In accordo a questo approccio, l’edificazione di se stessi è una lotta interiore contro il nemico interno. In un ben conosciuto e illuminante hadith, leggiamo che una volta, a Medina, il Profeta Muhammad (S) vide un gruppo di suoi Compagni che ritornava da una battaglia vittoriosa. Il Santo Profeta disse:

«عَن موسیَ بنِ جَعفَر عَن أبَائِهِ (ع) قالَ قالَ أَمیرُالمُؤمِنینَ (ع) إِنَّ رَسُولَ اللهِ (ص) بَعَثَ سَرِیَّةً فَلَمَّا رَجَعُوا قَالَ مَرحَباً بِقَومٍ قَضَوُا الجِهَادُ الأَکبَرُ قَالَ جِهَادُ النَّفسِ»

Ben fatto! Benvenuti a coloro che hanno completato la lotta minore e verso cui incombe ancora la lotta maggiore.” Venne chiesto al Messaggero di Dio: “Qual è la grande lotta?” Egli rispose: “Il combattimento con sé stessi.” (2)

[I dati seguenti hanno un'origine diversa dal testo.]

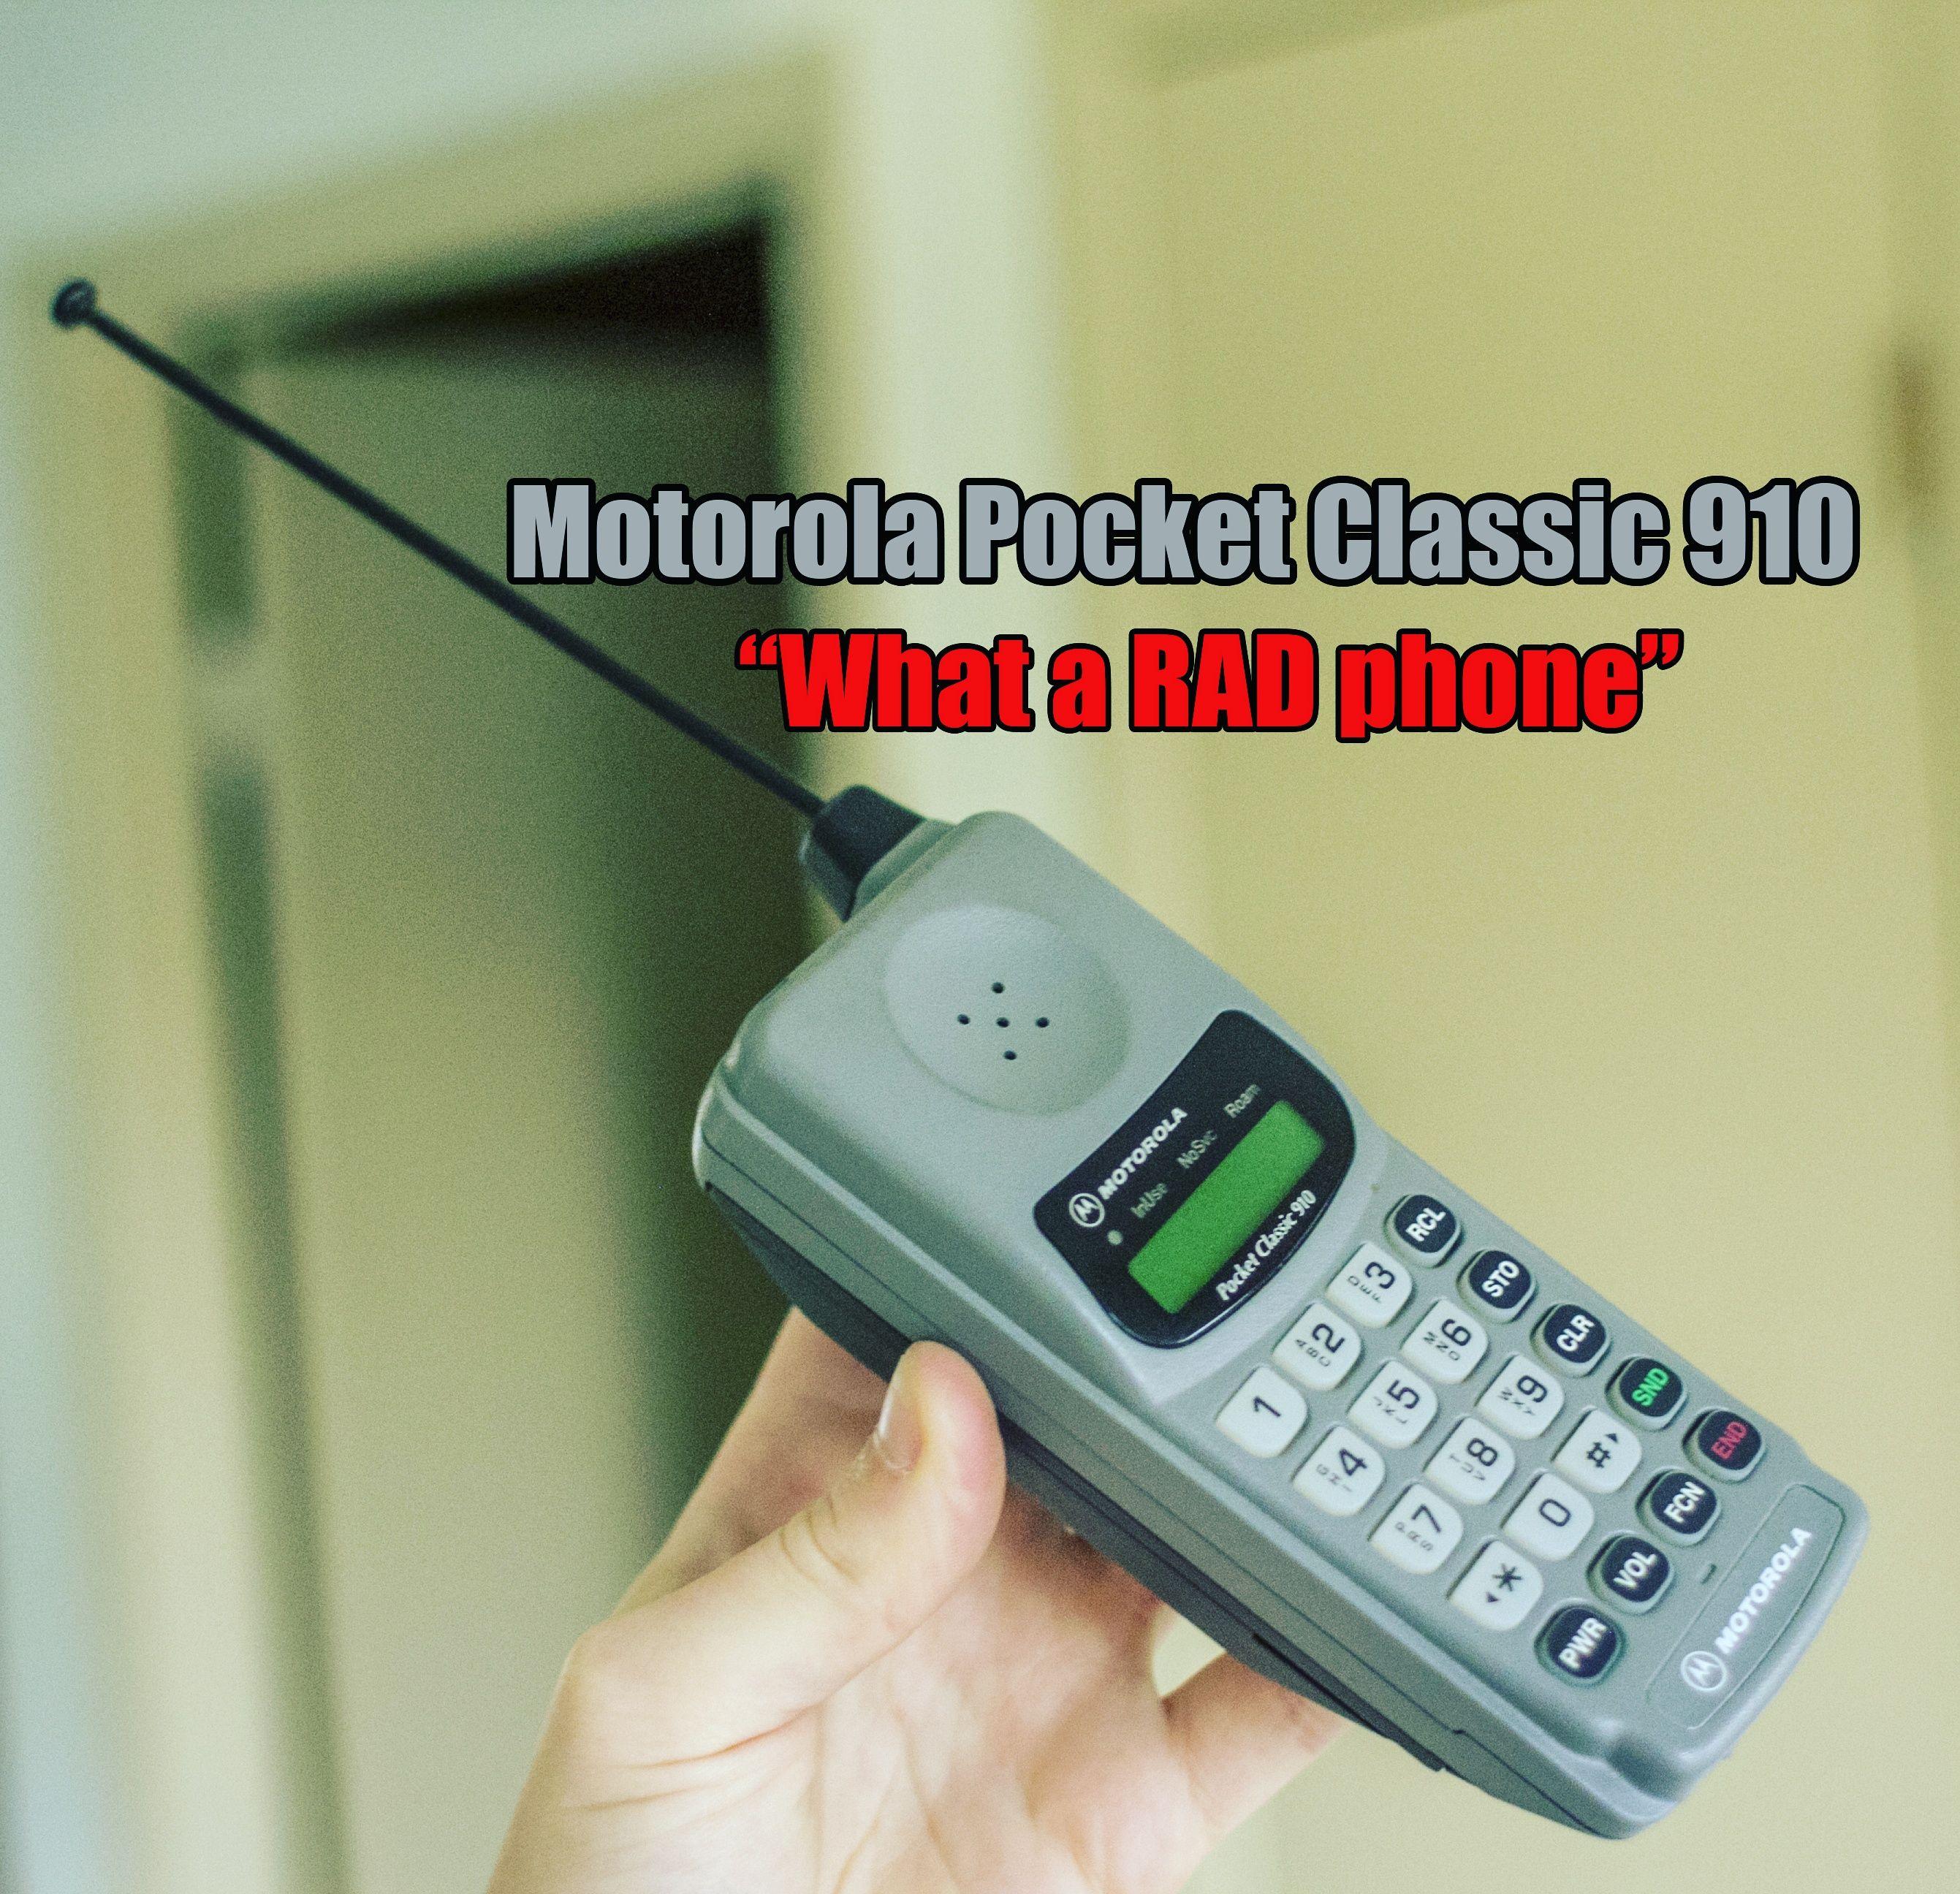 Motorola Pocket Classic 910 Classic Phones Cell Phone Brick Phone
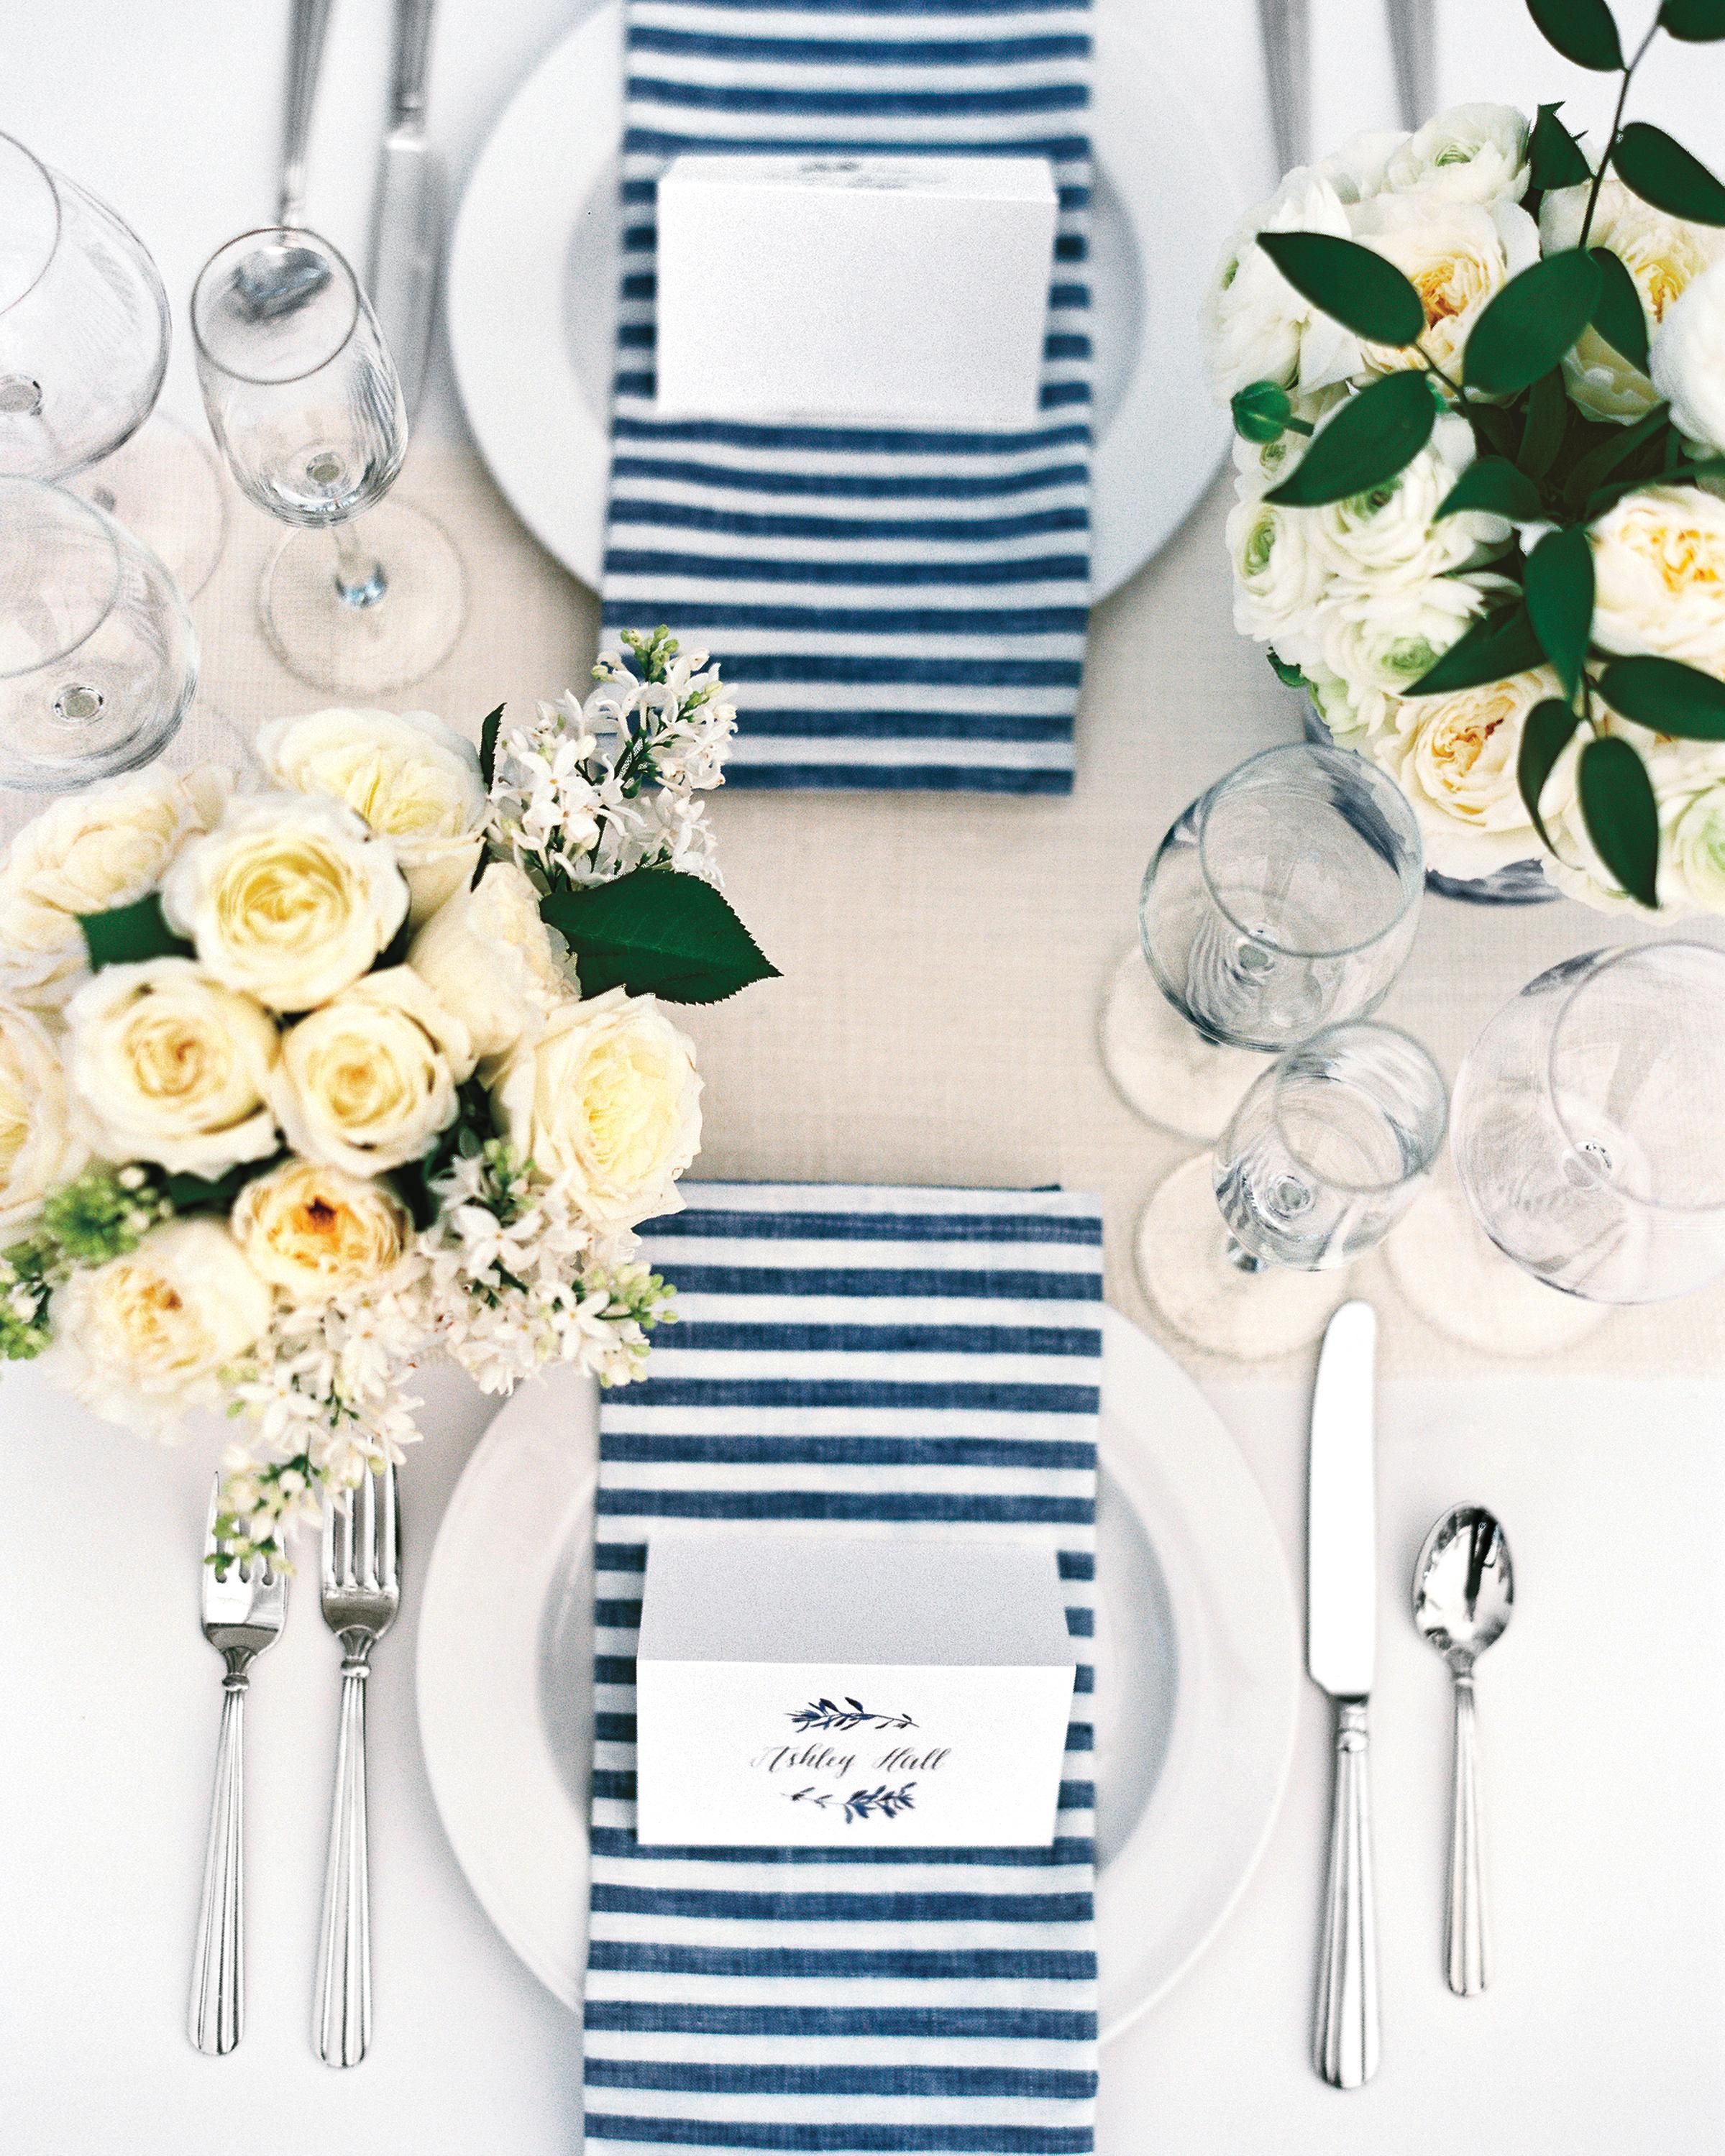 brooke-shea-wedding-002-d111277.jpg

I Compagni avevano sconfitto i loro nemici in una difficile battaglia ed erano preparati ad offrire la cosa per loro più cara, la propria vita, per difendere l’Islam. Essi rimasero sorpresi e sbalorditi nel constatare che vi fosse qualcosa di più grande di ciò. Il Santo Profeta replicò: ‘Jihad al-nafs’. Che significa combattere contro sé stessi, lottare con il proprio stesso io.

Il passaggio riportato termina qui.